The grandfather clock in the corner of the hall chimed softly, four bell-like notes in a scale. Part of a full moon, with a face like Humpty Dumpty, was creeping over the horizon of stars at the top. And at the bottom, on a corresponding scale, the month of February in a gothic script, garlanded by two plump salmon, the fish of Pisces, was coming to an end. Only the time—a quarter past three—was very nearly correct.
Bridget came up behind me and stretched her arms over my shoulders, her fingers picking at the dark cotton letters of Farouk’s ship on my
chest
“It’s a mad-house,” she said slowly. “What a stupid, marvellous thing.”
“What?”
“I love you.”
“It itches like hell.”
“What does?”
“The jersey.”
“Take it off then. But not here. Upstairs. We can ‘look at the pictures’.”
*
In a boxroom, wedged under the eaves, beneath the burning rafters, we made love again. There were two narrow dust-covered windows looking out over the garden and we could see Mr. Girgis dictating to Ahmed, the two of them moving painfully from plant to plant like men walking a punishment course across a swamp, the rough Arabic syllables falling upon Ahmed like a succession of cures.

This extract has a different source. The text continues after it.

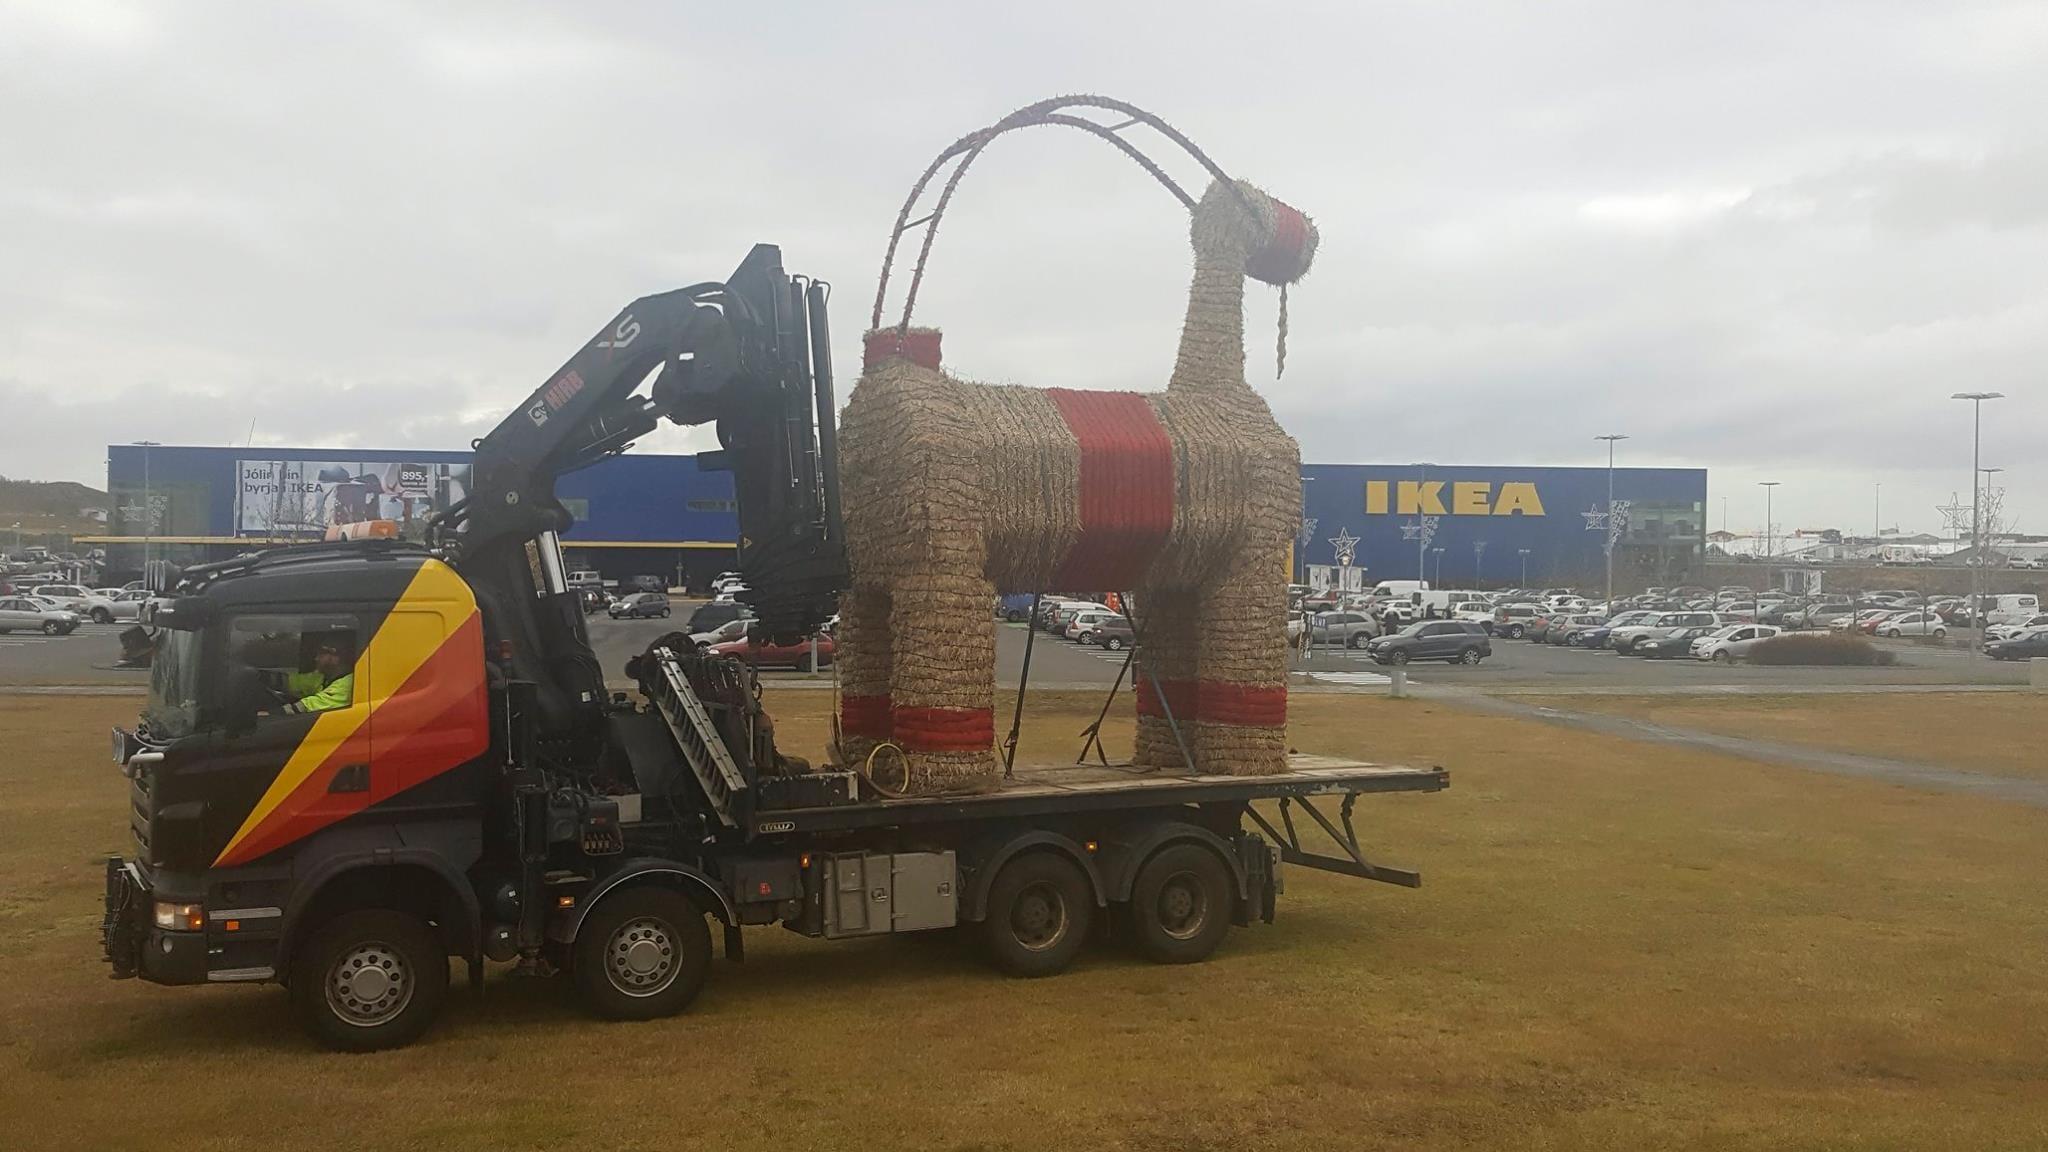 IKEA-geitin brann til kaldra kola í nótt

We lay on our clothes, her tennis shirt and her father’s yachting trousers as a pillow against the dusty floor, that small body constantly changing position, moving beneath me, locked in mine. There was an Egyptian flag in one corner, the old one, three stars and a crescent moon against a green background, and the remnants of a Hornby train set in another—a still-bright block engine lying on its side with the legend “L.N.E.R.” on the coal box.
“He plays with trains. He used to.”
In other corners of the room trunks and suitcases were piled on top of each other, and wicker boxes with P & O labels directing them to Port Said and Tilbury and the Metropole, Monte Carlo.
“Doesn’t this answer your phone call yesterday? I mean it’s better than talking about it. Making love is better.”
“Yes.” We had stopped for a moment, and lay next to each other, sweating.
“I was angry—because you wouldn’t do it the past few months, when before, the first time, it was so easy for you.”